As a company that deals with national security affairs, Lockheed Martin has always placed a premium on protecting classified information. Four years ago, the company created a core privacy team, of which several members achieved their CIPP certification independently. But, with rapid changes in technology and an increased societal emphasis on privacy, Lockheed Martin quickly recognized the importance of privacy education for staff that touch all types of data, across the enterprise. They sought the IAPP’s help to bring in formal training throughout the organization. The company has already hosted seven on-site IAPP training sessions and now boasts more than 200 IAPP privacy-trained employees.
Providing In-depth Privacy Education to Non-privacy Staff across the Organization
Lockheed Martin works on programs that require employees to take on privacy responsibilities as part of their job. They are required to handle a significant amount of personally identifiable information (PII) within their program, which means their knowledge of privacy is crucial. Jim Byrne, CIPP/US, CIPP/G, CIPP/IT, Chief Privacy Officer at Lockheed Martin, elaborates: “Our privacy program is about building trust with our customers, employees, partners and vendors to ensure that the information we collect is safeguarded and used appropriately under the circumstances.” Lockheed Martin was especially concerned that employees filling the privacy role on programs that involve PII receive training to reduce risk, demonstrating its commitment to privacy.
In-person Privacy Training and Certification Testing Delivered On-site
The IAPP worked with Lockheed Martin to implement ongoing sessions of in-person training at their Bethesda, Maryland headquarters. Members of the IAPP’s Professional Privacy Faculty presented the seven-hour Certification Foundation training session to employees and then offered the Foundation exam the next day. So far, more than 200 employees have participated in one of the seven on-site training sessions, with additional sessions being planned on a continual basis. The training sessions are offered specifically to those employees who handle PII internally, as well as employees working on external programs that involve PII.
Reduced Risk, Differentiation in the Marketplace
While there was never an incident that drove Lockheed Martin to create its privacy program four years ago, the company recognizes the benefit of reducing the risk that an incident could occur. Byrne says the steps Lockheed Martin has taken to address privacy across the corporation “demonstrate that we take privacy seriously.” Employee reaction to the training has been positive as well, according to Byrne: “They understand the value of the training.” In addition, Byrne says the company’s IAPP training and certifications give Lockheed Martin a competitive advantage. Byrne says his goal is to eventually have a CIPP on every program Lockheed Martin works on that handles PII.
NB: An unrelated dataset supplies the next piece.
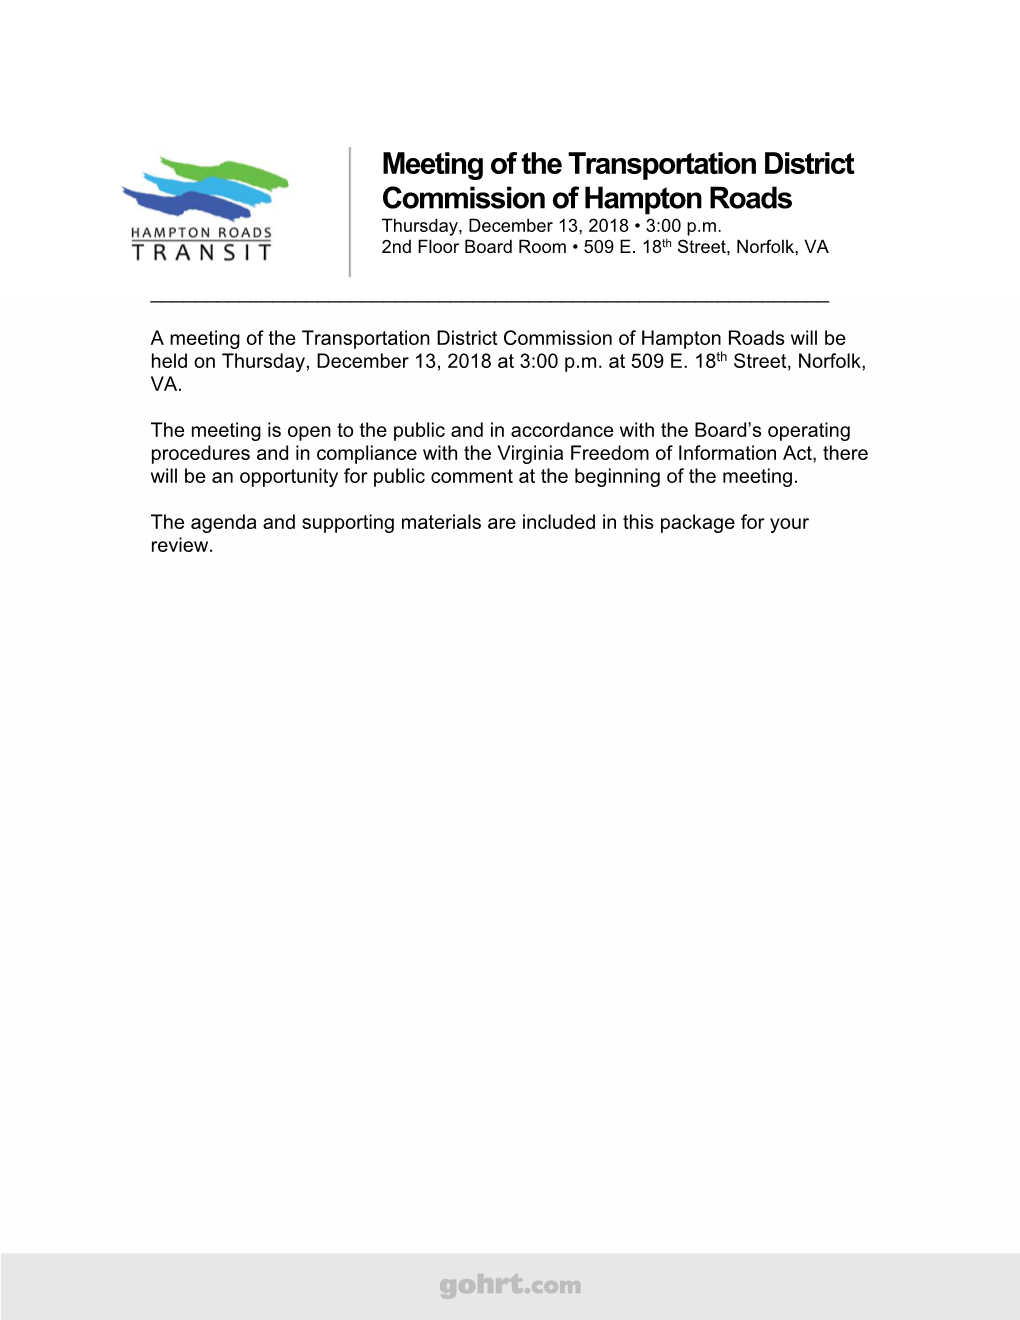 Meeting of the Transportation District Commission of Hampton Roads Thursday, December 13, 2018 • 3:00 P.M
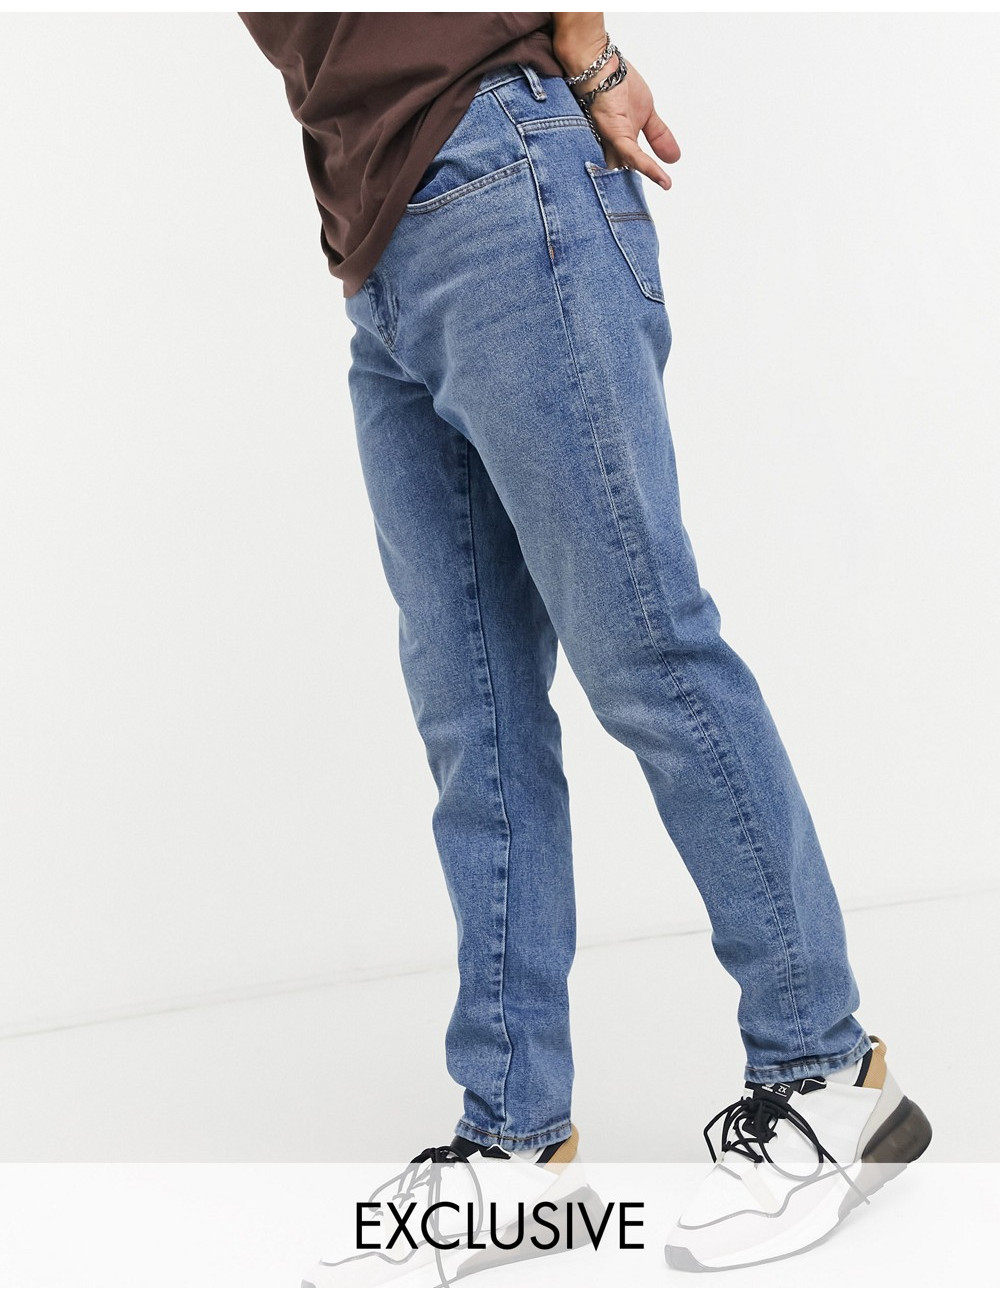 COLLUSION x003 tapered jean...

Implement a Customized Program to Further Increase the Number of Privacy-trained Employees
Byrne says he “would like the net to be cast much broader” as to which employees throughout the organization are privacy trained. To this end, Lockheed Martin is working with the IAPP to develop a two-hour tailored training program based on relevant sections of the CIPP bodies of knowledge—plus a short segment specific to Lockheed Martin practices.
The advantage of this shorter, customized program is that it will be accessible to many more employees. Byrne says the result will be improved decision making when it comes to privacy issues, but also, employees will have the knowledge to drive the expectations for programs involving personal information.
Byrne stresses that Lockheed Martin is trying to balance this two-hour training with the full IAPP training and certification program. “Ideally employees would do both, but at least complete the two-hour training module,” he explains.
Lockheed Martin will be expanding the IAPP training program globally. “I want as many certified people as possible, even in our international locations,” says Byrne.